Cross-validation is a useful method for Bayesian phylogenetic model selection. This method can be readily implemented even when considering complex models where selecting an appropriate prior for all parameters may be difficult.

## Background

Evolutionary analyses of gene sequence data are increasingly reliant on model-based phylogenetic approaches. In recent years, this has been given substantial impetus by the surge in genome-scale data, improvements in computational power, and the application of Bayesian statistical methods to phylogenetics [1]. Statistical models are typically used to describe the substitution process in nucleotide or amino acid sequences [2], diversification and demographic processes [3, 4], and patterns of evolutionary rate variation among lineages [5]. In a Bayesian framework, the various components describing different aspects of the evolutionary process collectively form the hierarchical model.

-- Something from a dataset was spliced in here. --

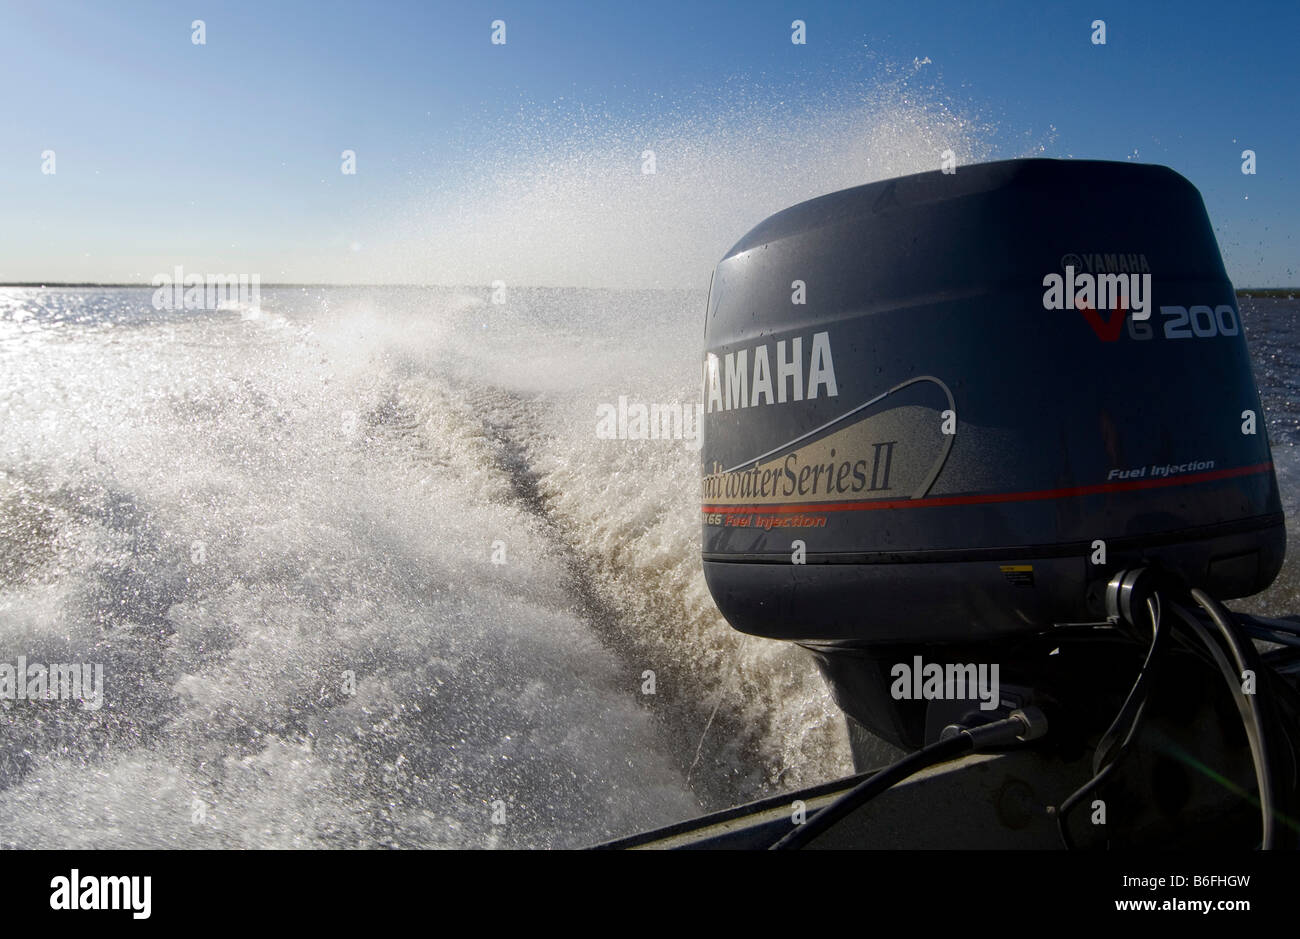 Yamaha motor on a boat, spraying water, Mackenzie River Delta, Northwest Territories, Canada, North America Stock Photo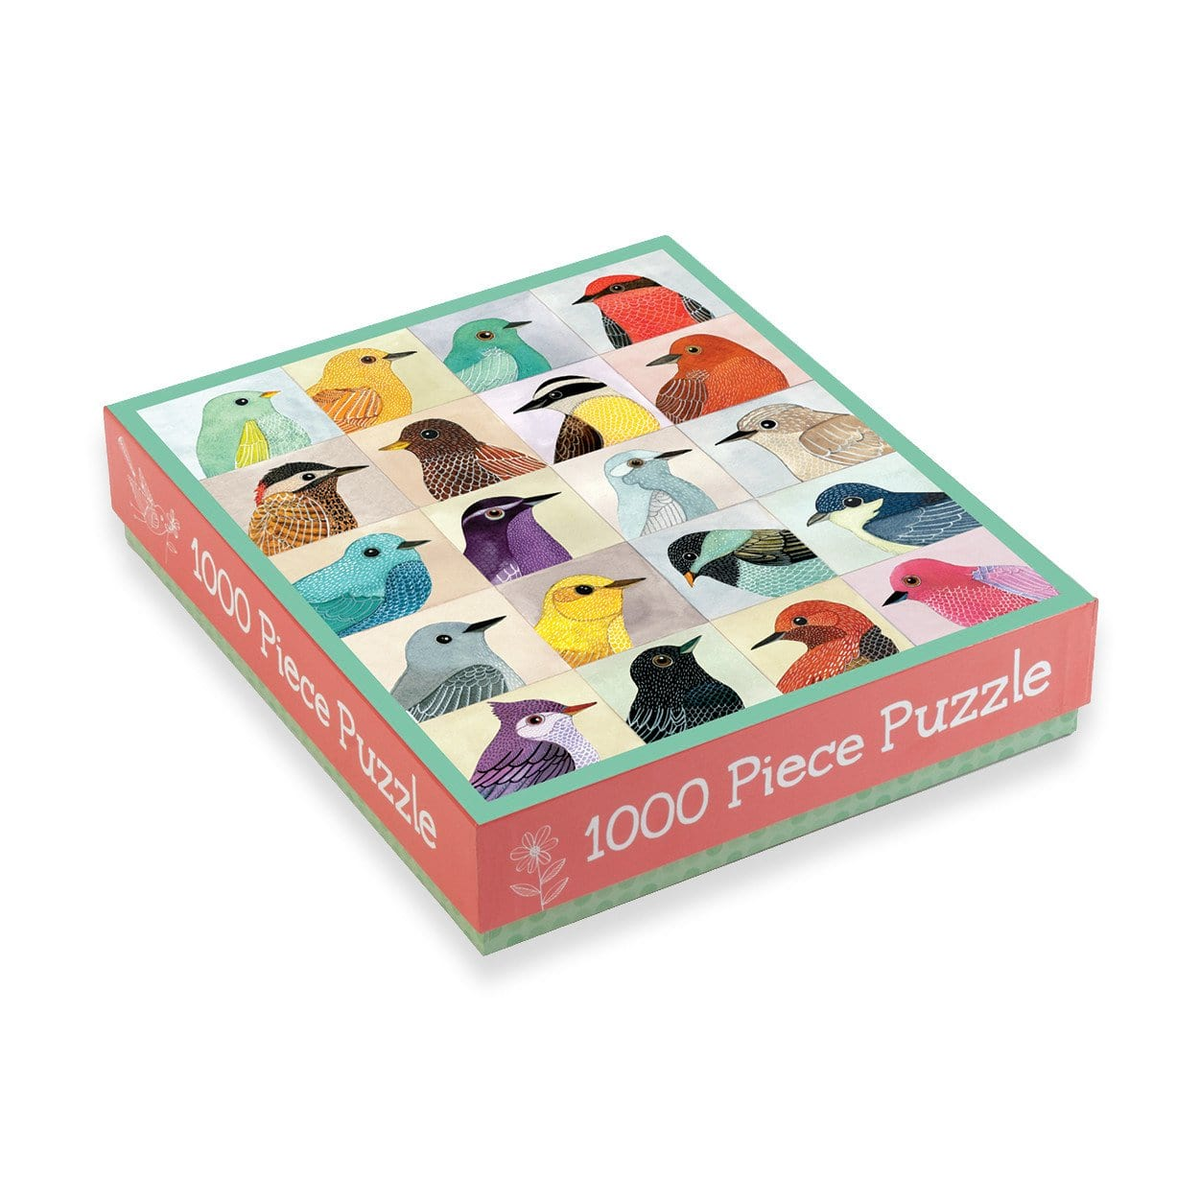 Avian Friends 1000 Piece Puzzle - Quick Ship - Puzzlicious.com

The accuracy of phylogenetic inference depends on the fit of the Bayesian hierarchical model to the data set being analysed. This includes the extent to which the assumptions of the model are met, and whether the model reasonably describes the data [6]. For example, if a data set sampled from an exponentially growing population is analysed using a model that assumes a constant population size, the estimate of the population size will be highly misleading. Model misspecification can also result in errors in the estimates of other parameters, including the phylogenetic tree and branch lengths [7]. For this reason, model selection forms a critical component of phylogenetic analyses [2].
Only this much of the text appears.